Figure 2 displays summaries of the full simulation results from our investigation of the uniform prior. Similar to Figure 1, the top plot of Figure 2 displays the average and range of the marginal rejection probabilities and family-wise error rates; and the bottom plot displays the average and range of the trial size. In both plots, the x-axis displays the 36 combinations of a and b hyperparameter inputs for the uniform(a, b) prior, ordered by a. Looking across panels in Figure 2, we see the range for the power, error rates, and sample size decrease as we increase the lower bound of the uniform prior on σ away from zero. Looking within each panel, we see fairly robust results when the upper bound b is greater than 1. In this simulation study, for large enough a the performance of the design is similar to that of independent designs.
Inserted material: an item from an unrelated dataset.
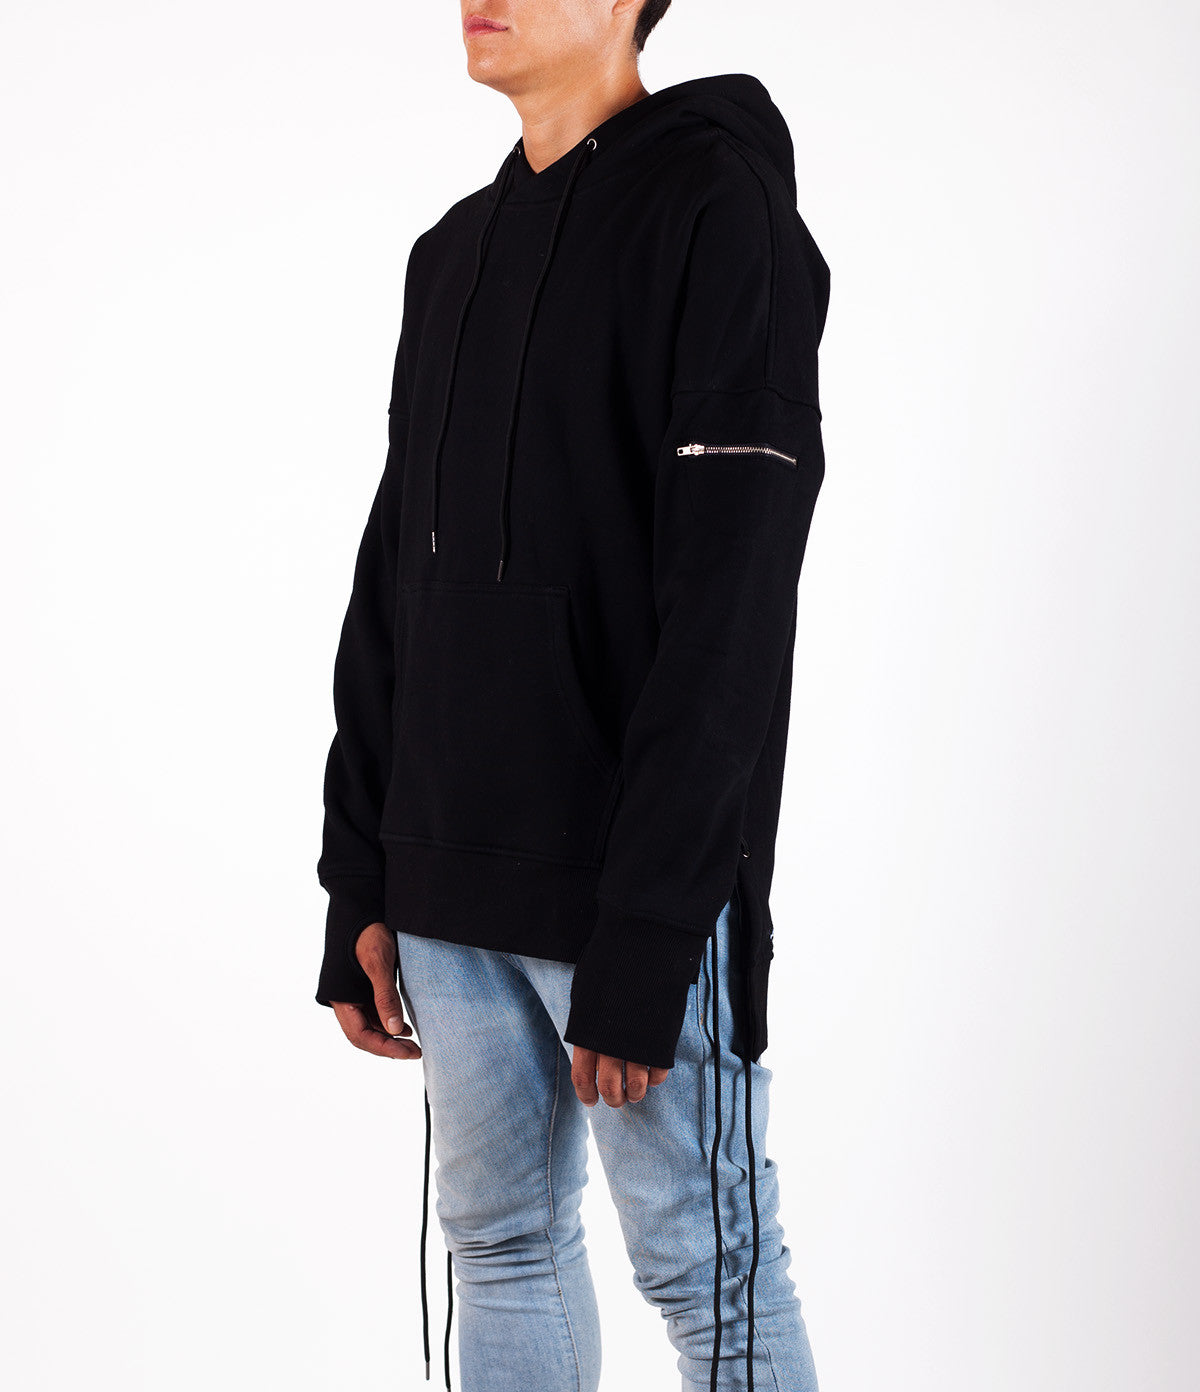 Extra Mile Black Lace-Up Hoodie

This is because we are artificially imposing at least a2 amount of variability into the model which encourages less sharing of information across baskets as a increases. While some specifications of a > 0 displayed desirable performance in our simulation study, we cannot recommend these prior specifications as a robust choice in a practical trial without supporting prior information for a > 0. Based on these results, the uniform prior is fairly robust assuming a lower bound of 0 and upper bound greater than 1.

Figure 2.

Figure 2.

The x-axis displays the assumed prior lower and upper bound hyperparameters for the Uniform(a,b) prior distribution on σ. (Top) Presented are the average and range of the power (green), marginal false positive rate (blue), and family wise error rate (red) across all scenarios (A = 0, 1, …, K = 5 baskets active). (Bottom) Presented are the average and range of the expected trial size across all scenarios.

Table 3 displays three strata with the operating characteristics for three prior specifications using a half-t prior with different scales and degrees of freedom. Here, the first column displays the assumed scale (s) and degree of freedom (df). The first and second strata of Table 3 assume a large degree of freedom (df = 100) which approximates the half-Normal prior on σ, with increasing scale, s. For small scale s = 0.5, the family-wise error rate increases from the calibrated 8% under the null scenario to 28% under the one active scenario to 49% under the four active scenario. For larger s = 500, the family-wise error rate is controlled at around 18% across all heterogeneous scenarios (calibrated at 8% for 0 active). In the last two strata, we see the half-Normal prior with large scale and half-Cauchy prior with modest scale display very similar and desirable results.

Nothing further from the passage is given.